Although both nuclear and renewables are useful to reduce carbon emissions, nuclear is not included in the most ideal power mix due to its waste management, expensive decommissioning and inherent safety risks. While Germany and Japan consider these risks to be greater than the risk of increased carbon emissions, many other countries balance the risks differently.

Aesop wrote a fable called the Oak and the Reed, where the Oak spoke to the Reeds, saying that they are worse off, since any slight breeze will cause them to bend. The Reeds told him not to worry about them, as the wind would cause them to bow, but not to break, while the Oak could not bend to stronger winds. A hurricane came a little while later. The great Oak, while standing proud at the beginning, fell with a great thunder, as the Reeds bent in pity.

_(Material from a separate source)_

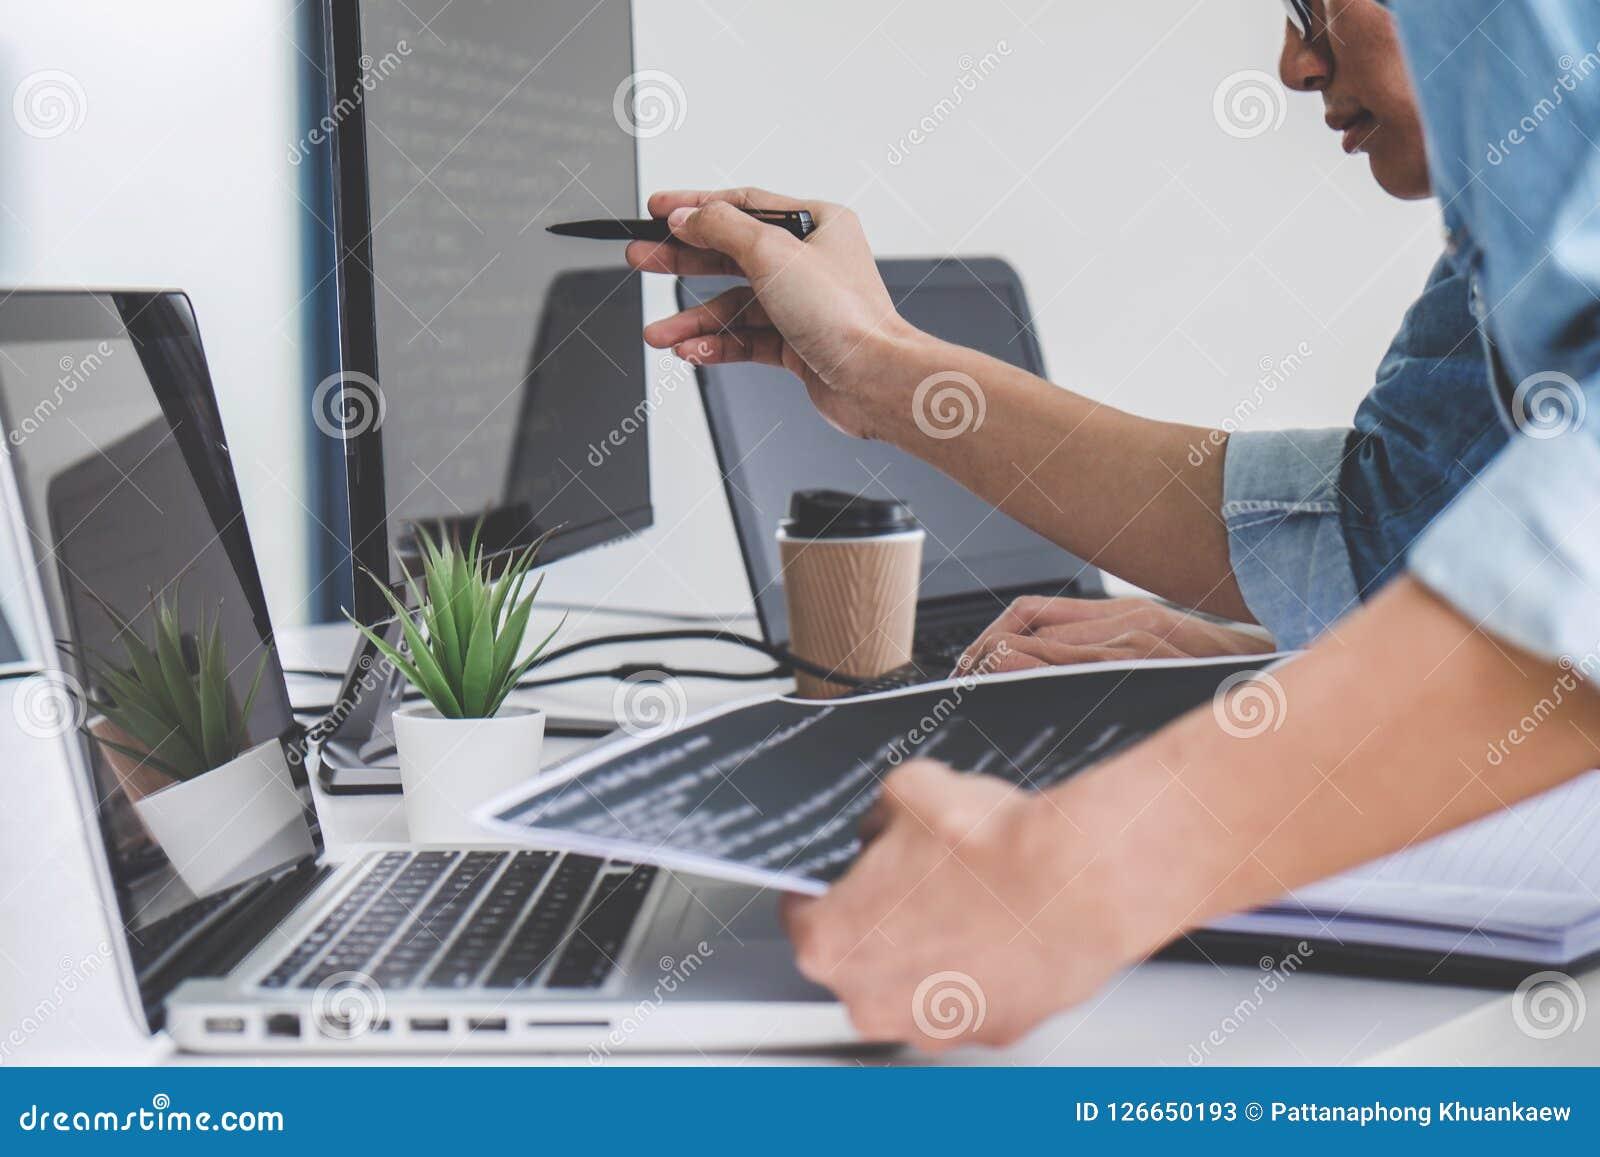 Programmeurs die bij het Ontwikkelen van programmering en website samenwerken wo

A great wind of change is happening in electricity markets, unlike any the utility industry has seen from its beginning. Natural gas has topped out coal in the U.S. for the first time, as EPA regulations and lower natural gas prices hack away at previous price advantages. With falling costs for renewables, more environmentally concerned customers, and governmental promotion policies, renewables are increasing their share of the energy mix and will only continue to do so.

On the demand side, the internet of things (IOT), home batteries and solar power, electric cars, and the opening up of many electricity markets are making customers more flexible, adaptable, and independent. Drives to improve the efficiency of electrical consumption also have the impact of increasing renewable penetration, as less electricity is used in total for the same installed renewable capacity.

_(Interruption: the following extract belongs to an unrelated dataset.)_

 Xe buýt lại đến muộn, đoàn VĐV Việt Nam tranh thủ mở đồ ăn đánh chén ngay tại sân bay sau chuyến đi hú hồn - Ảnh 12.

With nuclear power’s inability to adjust to power demand, it risks going the way of the great Oak. There are three ways to extend the life of nuclear in the energy mix: either lessen the wind by pricing in nuclear power at a different level, increase the flexibility of nuclear by allowing it to adjust to demand, or build smaller reactors that huddle under the wind, i.e. increase grid flexibility as each incremental reactor is smaller.

Lessening the wind: Pricing in nuclear through policies towards risk and carbon emissions

As the utility grid becomes greener, more flexibility and/or storage is required to allow for the intermittency of wind and solar. The first 5-10 percent can be handled relatively simply, using pricing strategies, flexibility in natural gas plants, and demand management at industrial and commercial facilities. However, once renewable penetration becomes large enough, these strategies cease to suffice.

Once the renewable penetration increases over 60 percent, the challenges related to further decarbonising the grid become exponentially greater, and this is where pricing nuclear makes sense. As Jesse Jenkins, an MIT researcher, points out, “It's not really a fair comparison to say there's all this low-hanging efficiency fruit and we should do that instead of nuclear, we should be doing that instead of running coal plants.”

The retirement of Diablo Canyon is one nuclear giant that will be affected by pricing metrics for renewables and intermittency in California’s energy market. Coming in at 2,200MW, Diablo supplies almost 1/10th of California’s power just by itself. While the decision has been highly politicized, PG&E has recently determined that after 2025, California would only need run Diablo Canyon intermittently.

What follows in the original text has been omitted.